= Mahmoud Ahmad Ibiary =

Mahmoud Ahmad Ibiary (محمود أحمد الإبياري; born 5 June 1952) is the deputy secretary general of the International Organisation of the Muslim Brotherhood and the editor is chief of the Muslim Brotherhood's weekly Risalat al-Ikhwan which is published in London.

== Media operations ==
Mahmoud is mentioned as the owner and webmaster of the official Muslim Brotherhood websites. He is also the editor in chief of the Muslim Brotherhood weekly Risalat al-Ikhwan and is involved in satellite TV channels linked to the Muslim Brotherhood in the Middle East like Ahrar25.

Ahrar25 started as a satellite channel and operated from Lebanon but had to shut down its activities when satellite operating companies Nile Sat and Kuwait's Gulf Sat Satellites removed all frequencies in late March 2014. "The two satellite companies' administrations notified Ahrar 25 that the decision was politically motivated and came following pressures from the Egyptian authorities." Currently the channel has only a presence on social media.

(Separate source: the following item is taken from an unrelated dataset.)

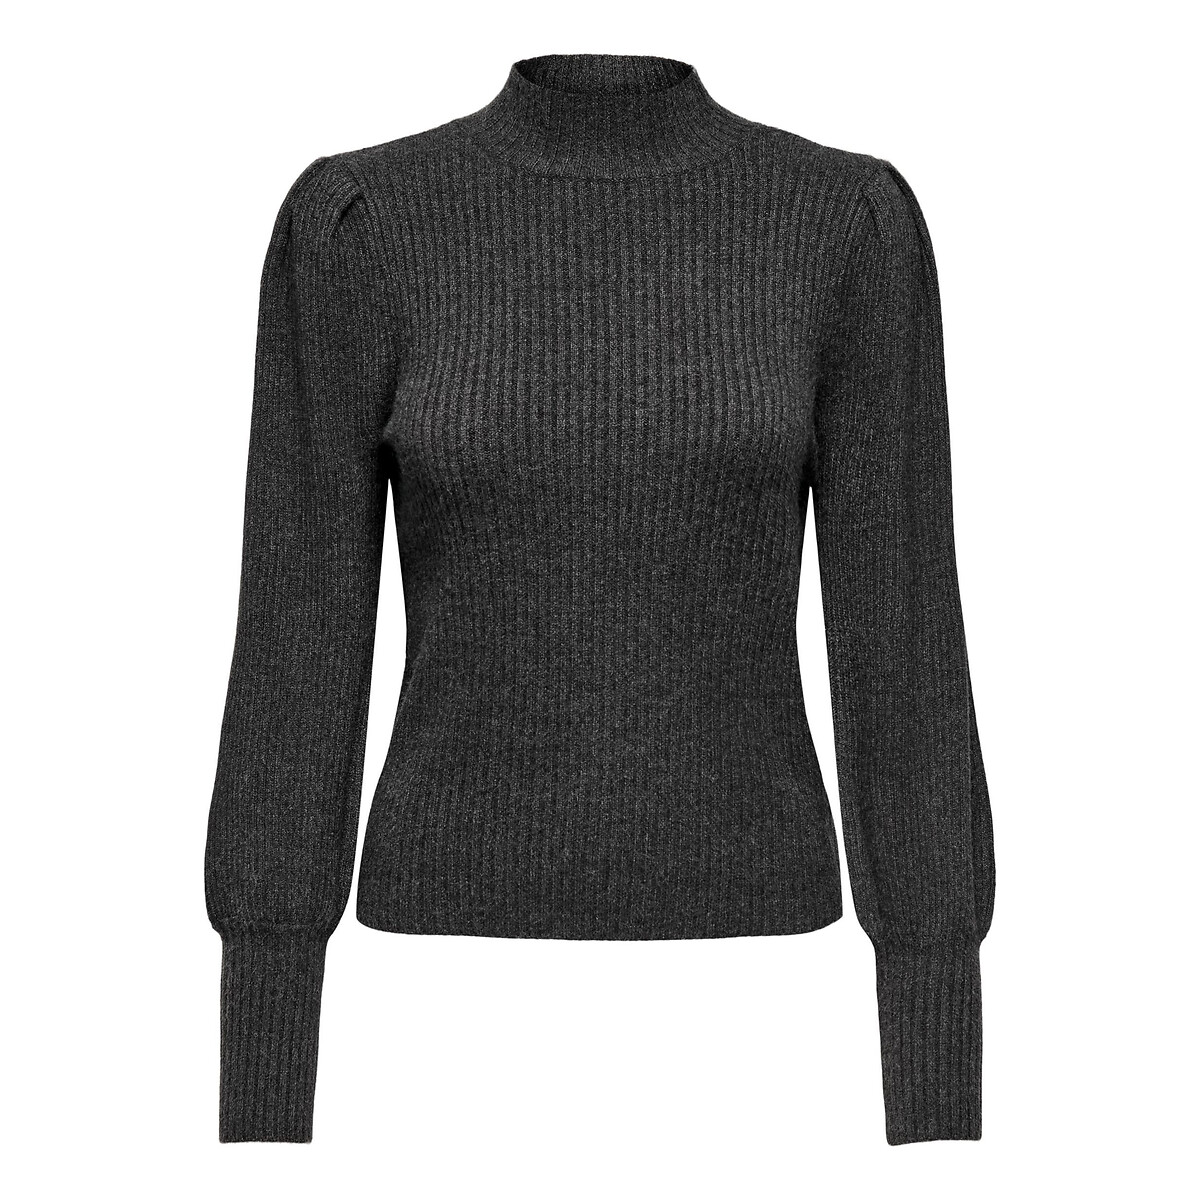 Пуловер с воротником-стойкой из тонкого трикотажа XXL серый пуловер с воротником стойкой xxl каштановый

== International organisation of the Muslim Brotherhood ==
Since the early 2000s, Mahmoud has been based in London and works as the deputy secretary general of the International Organisation of the Muslim Brotherhood in close harmony with secretary general Ibrahim Munir. The two were part of the Egyptian Muslim Brotherhood delegation which was present at the funeral of former Turkish Prime Minister Necmettin Erbakan in 2011. Other Egyptian Muslim Brotherhood leaders who were present at Erbakan's funeral included Mahdi Akef, Mahmoud Ezzat, Saad El-Katatni, Ayman Aly and Youssef Nada.

Since the 2013 Egyptian coup d'état the profile of Mahmoud became more prominent and has been more in the media.

== Media appearances ==
On 18 August 2013 a group of high-level Muslim Brotherhood members came together in the Westin Palace Hotel in Milan to strategize about the reaction to the military coup in Egypt. The meeting was organized by a local organization close to the Muslim Brotherhood, the Association for Liberty and Justice for Egypt, and the main speaker-leader present was Mahmoud Ibyari, who mentioned in the Italian press as 'the number three' of the Muslim Brotherhood. Following the meeting he gave a press conference where he focused on the fact that the Muslim Brotherhood would only use non-violent resistance to the army. Also in August 2013 Mahmoud was one of the main Muslim Brotherhood speakers on the Muslim Brotherhood friendly international Arabic news channel al-Jazeera.

== Lahore meeting ==

In November 2014 a meeting of leaders of Islamic movements from 30 countries met in Lahore, Pakistan, where they visited the three-day public gathering of Jamaat-e-Islami. The official Egyptian Muslim Brotherhood to the meeting consisted of Secretary-General Mahmoud Hussein, Mahmoud and Ibrahim Munir.